Le pendici che ospitavano Cuspide nuova erano spazzate dallo scirocco in una rincorsa che aumentava il ritmo. Le folate scendevano asciutte, bollenti, le rapide di un fiume che si riversava su Cuspide vecchia e, di lì, a cascata, nella valle sottostante.
La tempesta andò prendendo forma e vigore nel giro di poche ore. Al rumore di sottofondo degli insetti si sostituì il vento, ansimante come un vecchio asmatico. I marosi di calura si scontrarono con il poggio di roccia di Cuspide vecchia, lo avvolsero come le onde sugli scogli e si innalzarono in lingue traslucide, abbaglianti. Era un fuoco che divampava, che poi tendeva a tornare sui propri passi aggredendo il declivio e il borgo nuovo.
Nessuno l’aveva incontrata, in quegli ultimi mesi. Nemmeno i lavoranti della tenuta. Solo il padre e la madre, ai quali era stata comunque concessa una frequentazione inferiore rispetto a quanto erano abituati. Evelin chiedeva il cibo e poche cure, nulla di più. Per il resto era del tutto autosufficiente.
Quel giorno non rispondeva nemmeno alle richieste preoccupate dei genitori. Loro non smettevano di pensare a tutte quelle creature che di recente erano nate morte, animali e anche esseri umani. Alcune gestanti non erano nemmeno giunte nel pieno dell’incubazione.

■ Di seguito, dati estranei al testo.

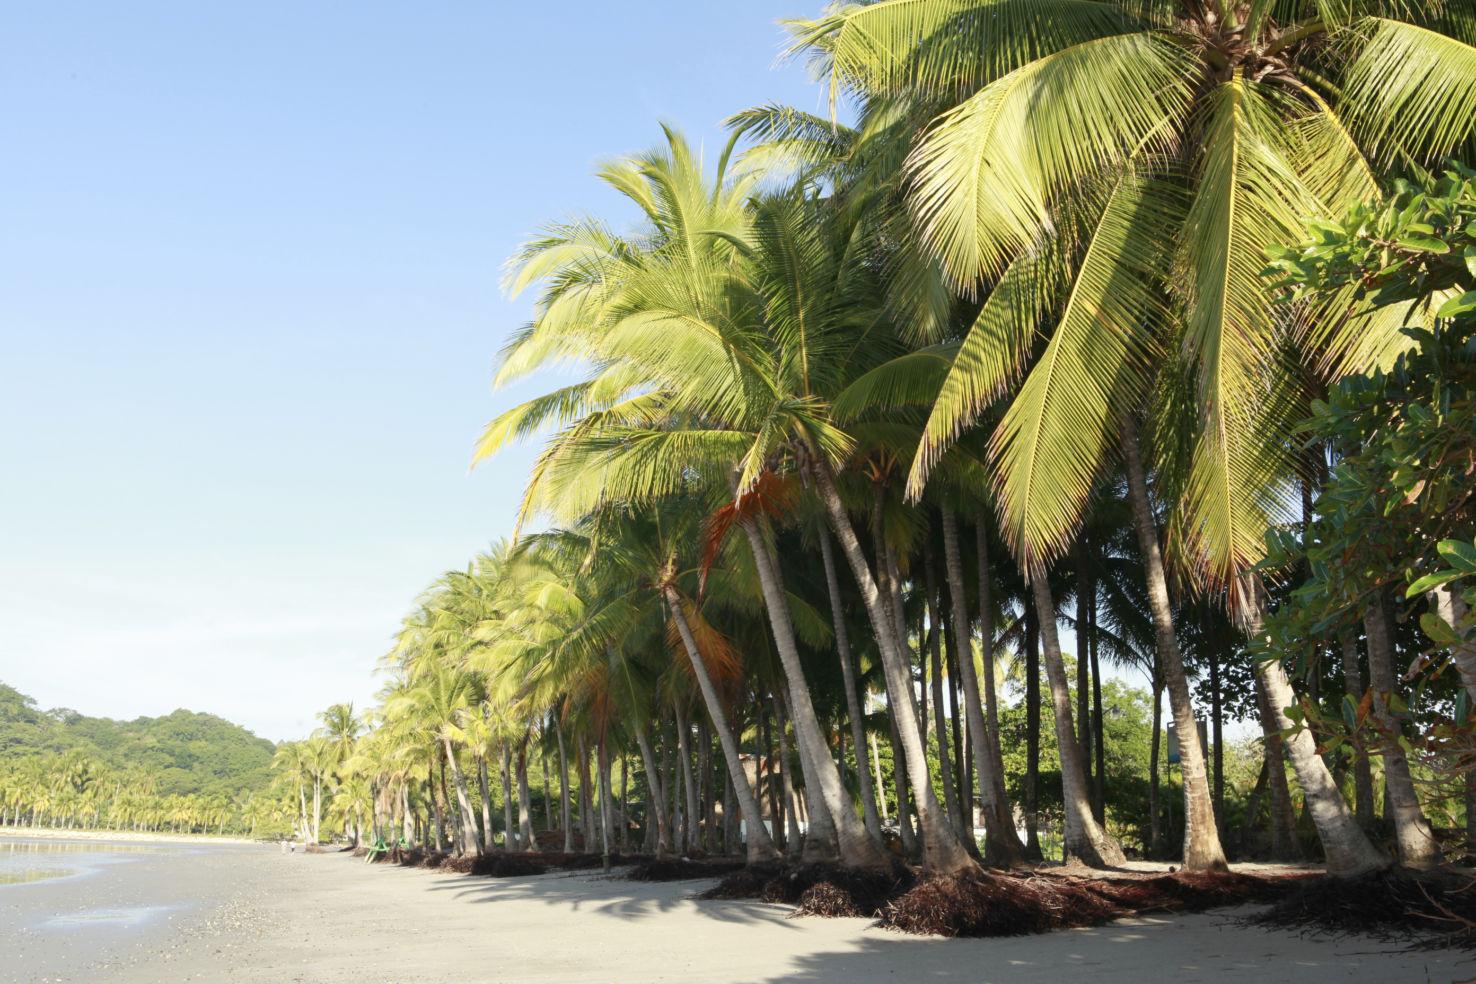 Costa-Rica_Whitney-Tressel_Playa-Samara

Lei, però, aveva tutto ciò che le occorreva, chiunque altro sarebbe stato un intruso in quella bolla di intimità selvaggia.
Gli unici spettatori che videro spuntare la testolina della creatura, la madre darsi da fare per ripulirla e sistemare il cordone ombelicale, erano quelle ombre strette tra le tende e la finestra. Il profilo di quelle lunghe orecchie tremolanti, le luci nere di quegli sguardi affossati in un reverente silenzio.
Lo scricchiolio della pelle sudata, tesa, il gocciolare denso, cadenzato, degli umori a terra – la stanza semibuia si popolò di mugolii, di sospiri affannati e infine del vagito di qualcuno che stendeva le braccia, apriva le dita e gonfiava il minuscolo petto.
Da fuori si udì gracchiare un richiamo, parole incomprensibili ma venate di implacabile decisione. Le cornacchie volavano come stracci nel cielo sporco.
Poco più tardi la tempesta di calore si placò. Il delicato adagiarsi del crepuscolo favoriva la distensione nel sottobosco, la quiete nell’intero mondo animale. I grilli presero a cantare ristabilendo la pace, corroborante pur nella sua transitorietà.